━━━━━ Data excerpts ━━━━━

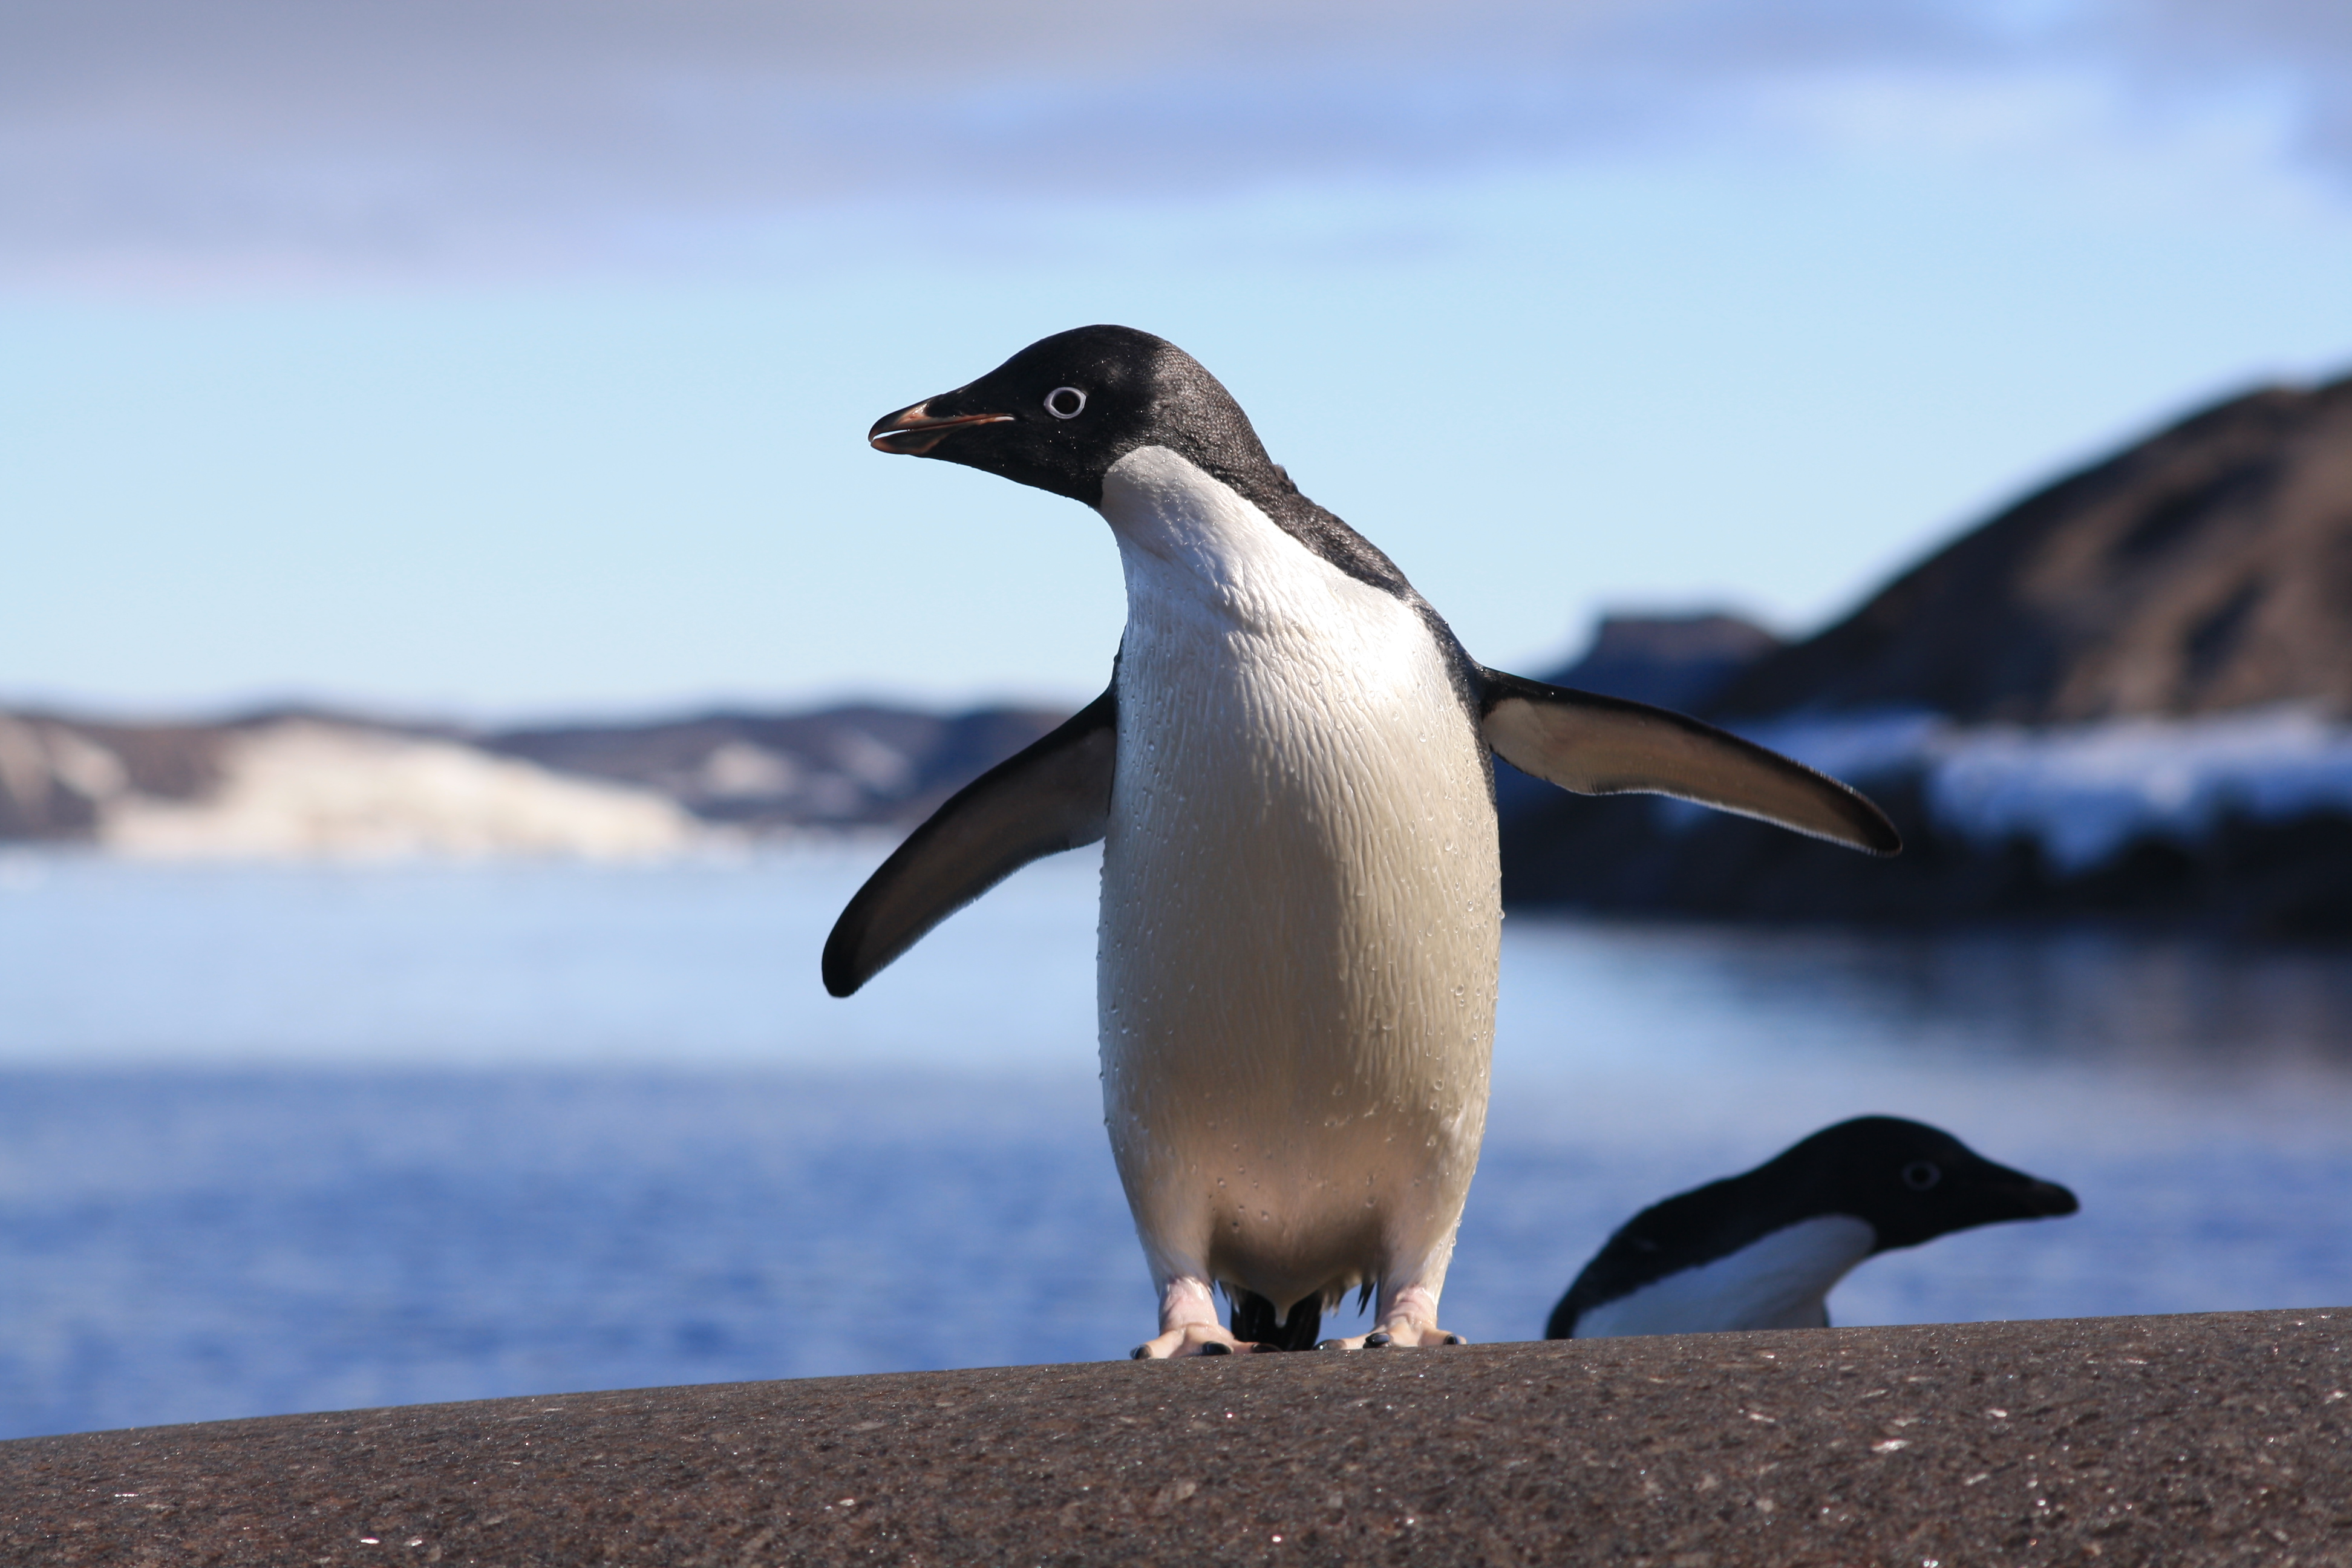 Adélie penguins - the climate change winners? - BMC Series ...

━━━━━
━━━━━ Data excerpts ━━━━━

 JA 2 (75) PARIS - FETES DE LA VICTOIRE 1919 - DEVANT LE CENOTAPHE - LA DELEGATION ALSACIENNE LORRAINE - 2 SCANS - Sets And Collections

━━━━━
━━━━━ Data excerpts ━━━━━

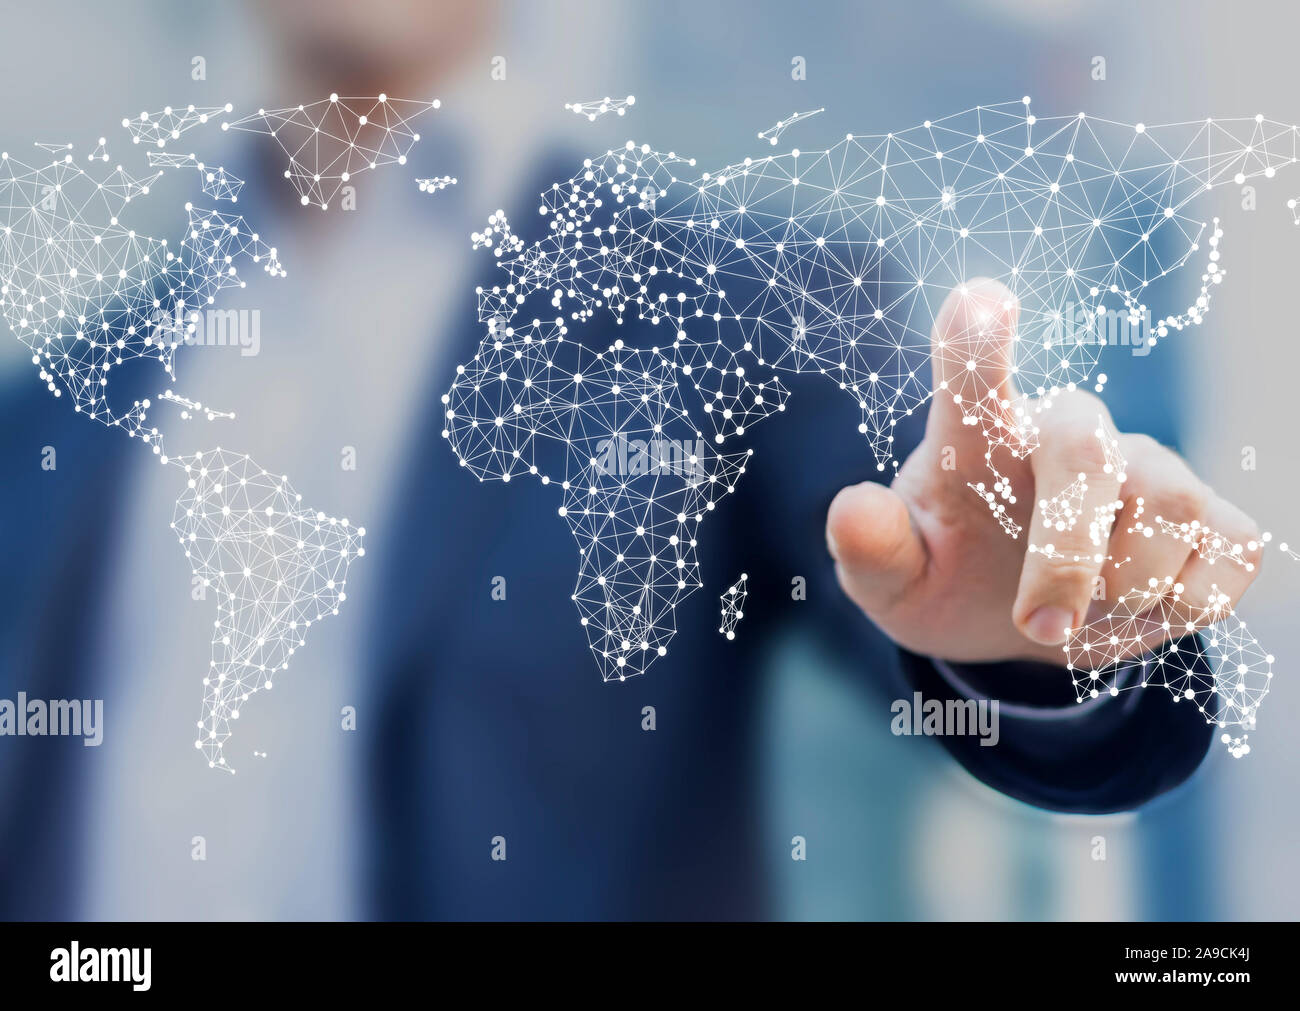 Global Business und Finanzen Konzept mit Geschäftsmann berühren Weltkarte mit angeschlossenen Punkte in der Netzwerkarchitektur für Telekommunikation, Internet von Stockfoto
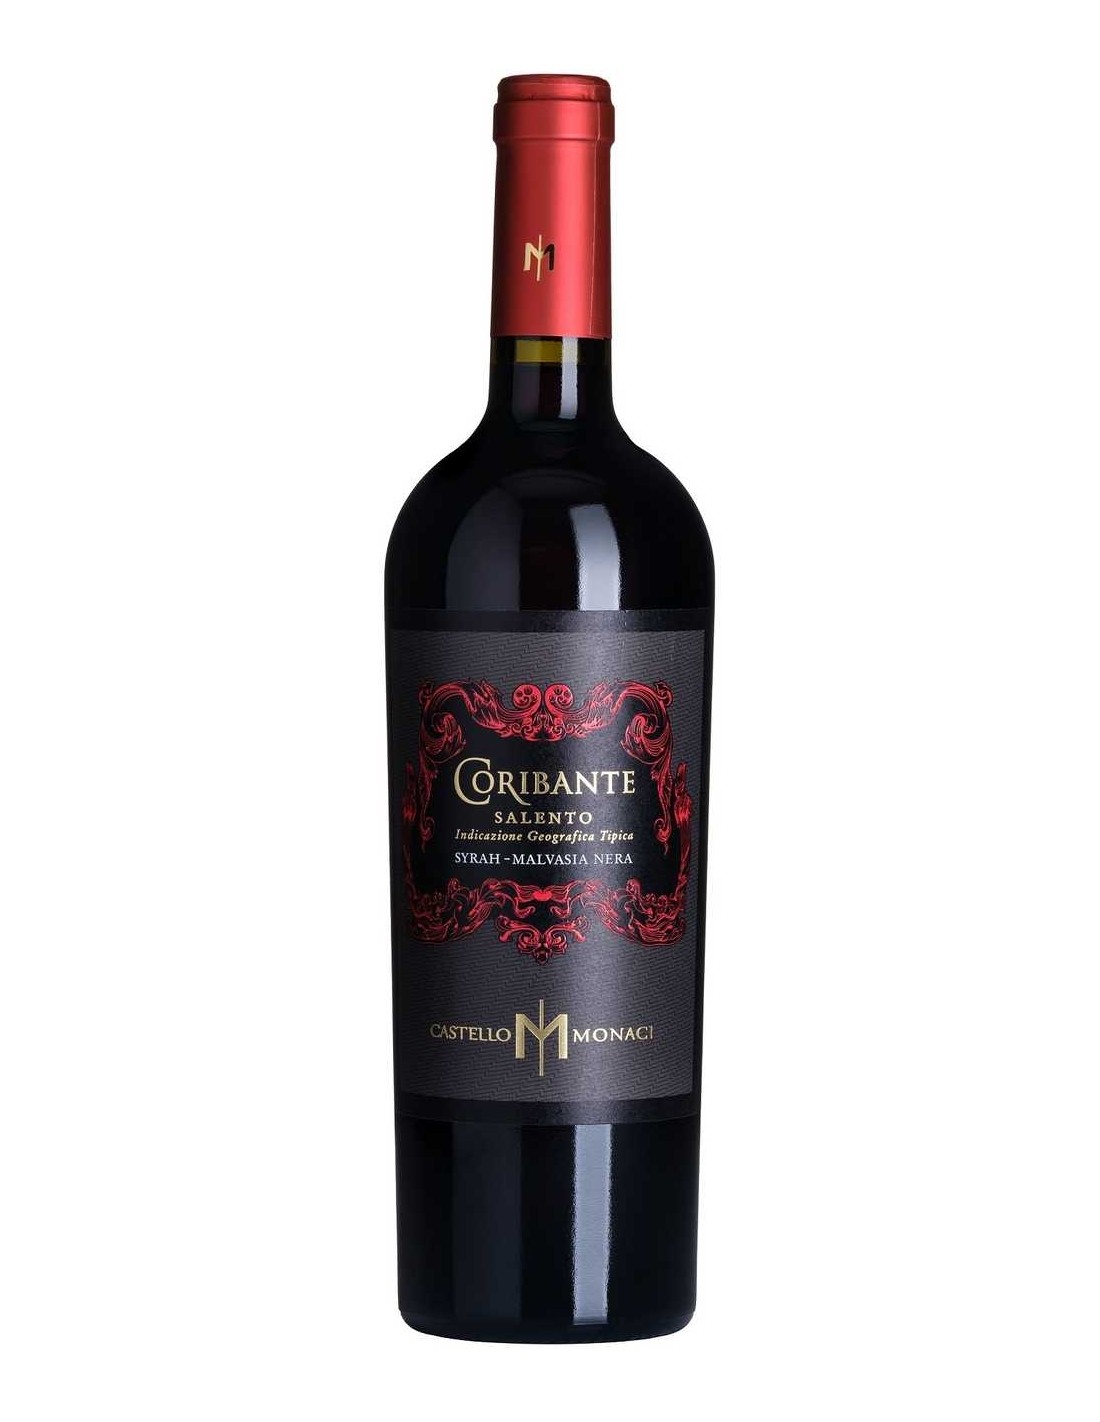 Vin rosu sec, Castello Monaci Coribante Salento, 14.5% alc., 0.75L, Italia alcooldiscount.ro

━━━━━

- [Problem to solve]
In the records above, find the line with "Global Business und" and the line with "Vin rosu sec, Castello"; please transcribe exactly those two lines and all lines between them, omitting any picture.

- [The answer]
 Global Business und Finanzen Konzept mit Geschäftsmann berühren Weltkarte mit angeschlossenen Punkte in der Netzwerkarchitektur für Telekommunikation, Internet von Stockfoto
 Vin rosu sec, Castello Monaci Coribante Salento, 14.5% alc., 0.75L, Italia alcooldiscount.ro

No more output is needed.